- Born: February 6, 1936 Boston, Massachusetts, U.S.
- Died: July 12, 2018 (aged 82) Long Beach, California, U.S.
- Education: University of Massachusetts Boston Clark University
- Occupations: Professor, activist, writer
- Employer: California State University, Long Beach
- Spouses: Ken Peters; Jennifer Lynn Abod;
- Children: 3

= Angela Bowen =

American academic, writer, and lesbian rights activist (1936–2018)
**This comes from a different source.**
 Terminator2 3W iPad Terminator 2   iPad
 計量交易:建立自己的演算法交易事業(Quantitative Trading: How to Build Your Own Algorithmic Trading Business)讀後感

Angela Bowen (February 6, 1936 – July 12, 2018) was an American dance teacher, English professor, writer, and a lesbian rights activist. She was also the subject of an award-winning 2016 documentary.

==Early life==
Bowen was born on February 6, 1936, in Boston, Massachusetts in an African-American family. She was the sixth of seven children. She lost her father at the age of 2. Bowen trained and taught at the Elma Lewis School of Fine Arts in Roxbury from age 14 to 22.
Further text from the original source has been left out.